2013 rolls straight into the last few days of January, and here in New York City, I have to smile looking back on the month.
Already in this “new” year–in these last 29 days–I’ve grasped a handful of euphoric highs, a few embarrassingly low lows, and a whole saga of trial and error in between. As I consider how I’m perched in the same corner of my apartment now as I was at this hour exactly 29 days ago (although this time caffeine-charged and focused; the first time sick as a dog), I have to wonder how much one really can learn or change traveling the span of just a month and never leaving the boundaries of a city. And I have to wonder if the fact that I’ve set foot nowhere but Brooklyn, Queens and Manhattan means that I’m slowly falling into the local mindset that if you’re in New York City, there’s really no reason to leave. I have to wonder… am I becoming a little bit of a New Yorker?
During my first few weeks in the city, way back in May, people would often tell me how easy it is to get sucked into the brilliance of this, well–brilliant–city. People I barely knew confessed their stories of wanting to leave the crowds, the noise, the fast pace–but in the end just couldn’t escape the grasp of the Empire City. In those early days I thought these “capturees” seemed a bit wimpy for not just packing up a going if that was their intent, but here I am, in the eight month of what I expected to be a three-month stay, feeling no urge to pick myself up just yet.
There are other ways I’ve become more of a New Yorker, too. I find myself accidentally brushing past people in streets and not turning to apologize (my Midwestern self says sorry, really). Every Tuesday my mailbox boasts a copy of both New York Magazine and The New Yorker. Heck, I even went out for a Saturday boozy brunch. It doesn’t get more real than that.
My strong Midwestern roots will always be something I take deep pride in and remain a big part of who I am, but I realize they’ve become assuaged as my journey continues deeper into this new culture. And I think I have to let it happen, for now, so that I can experience more fully everything I came here to experience (which, I guess, is “life in New York City”).
I don’t have any reasons, I left them all behind. I’m in a New York state of mind.
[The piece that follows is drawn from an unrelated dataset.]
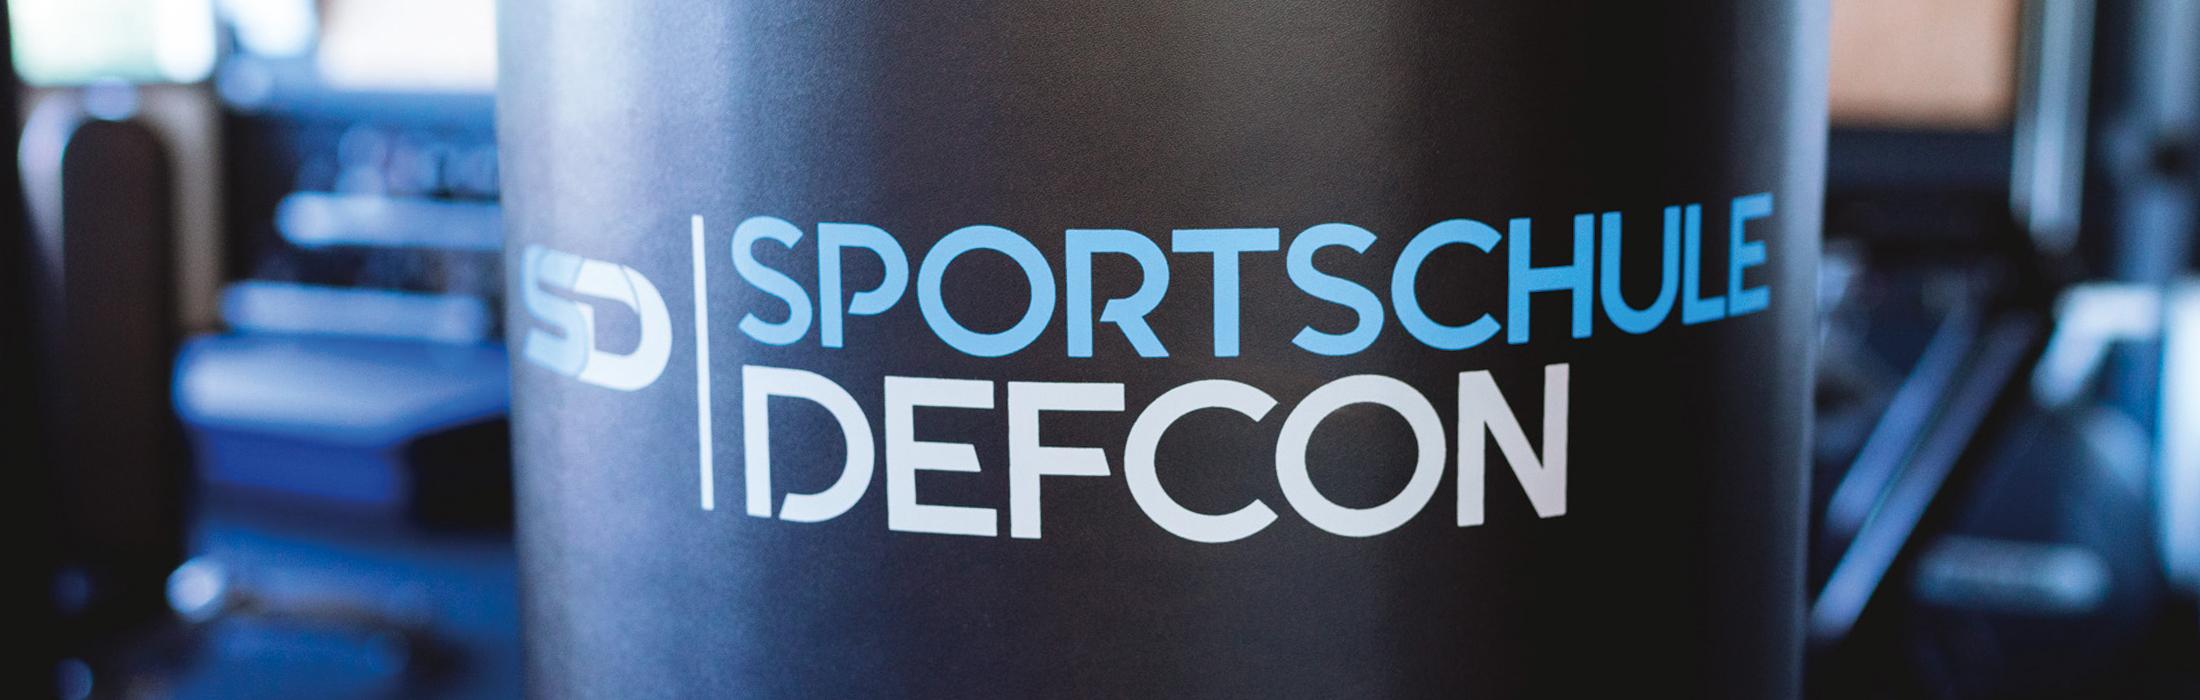 Sportschule DEFCON®

But I think you, Billy Joel and I would all agree that drops of familiar in a stream of new are always welcome and pretty much essential to our sanity. So amidst my sea of bagels, pizza slices, and frou-frou cupcakes, I make sure I come across the occasional stuffed pepper. A true classic in the entrée repertoire of my childhood, I kicked this batch up a notch with the addition of sautéed poblanos, sriracha, and pepperjack cheese. Peasant roots, Empire flavor–a recipe for success no matter the year, month, city or state of mind.
Poblano Stuffed Peppers
Makes 3 large stuffed peppers
3 large green bell peppers, tops cut off and seeded
Extra virgin olive oil
1 yellow onion, chopped
3 cloves garlic, minced
1 poblano pepper, seeded and chopped
2 cups cooked brown rice
1 can black beans, rinsed
1 beefsteak tomato, chopped
1 15 ounce can tomato sauce
1 cup shredded pepperjack cheese
Cumin, chili powder, salt, pepper and sriracha to taste
Bring large pot of water to boil. Place the trimmed bell peppers in the pot and par-boil until just tender. Remove from the water and cool. Heat some olive oil in a large pan on medium-low heat. Add onion, garlic, and poblano pepper and sauté until tender. Add cooked rice and beans, chopped tomato, 1/2 the can of tomato sauce, 1/2 the cheese and all the spices to the pan and cook just until cheese has melted and ingredients and incorporated evenly. Place the bell peppers in a baking dish and fill with the rice and beans mixture. Pour the rest of the tomato sauce over the top and sprinkle on remaining cheese. Bake in a 400 degree oven until cheese begins to brown and ingredients are heated through, about 25 minutes.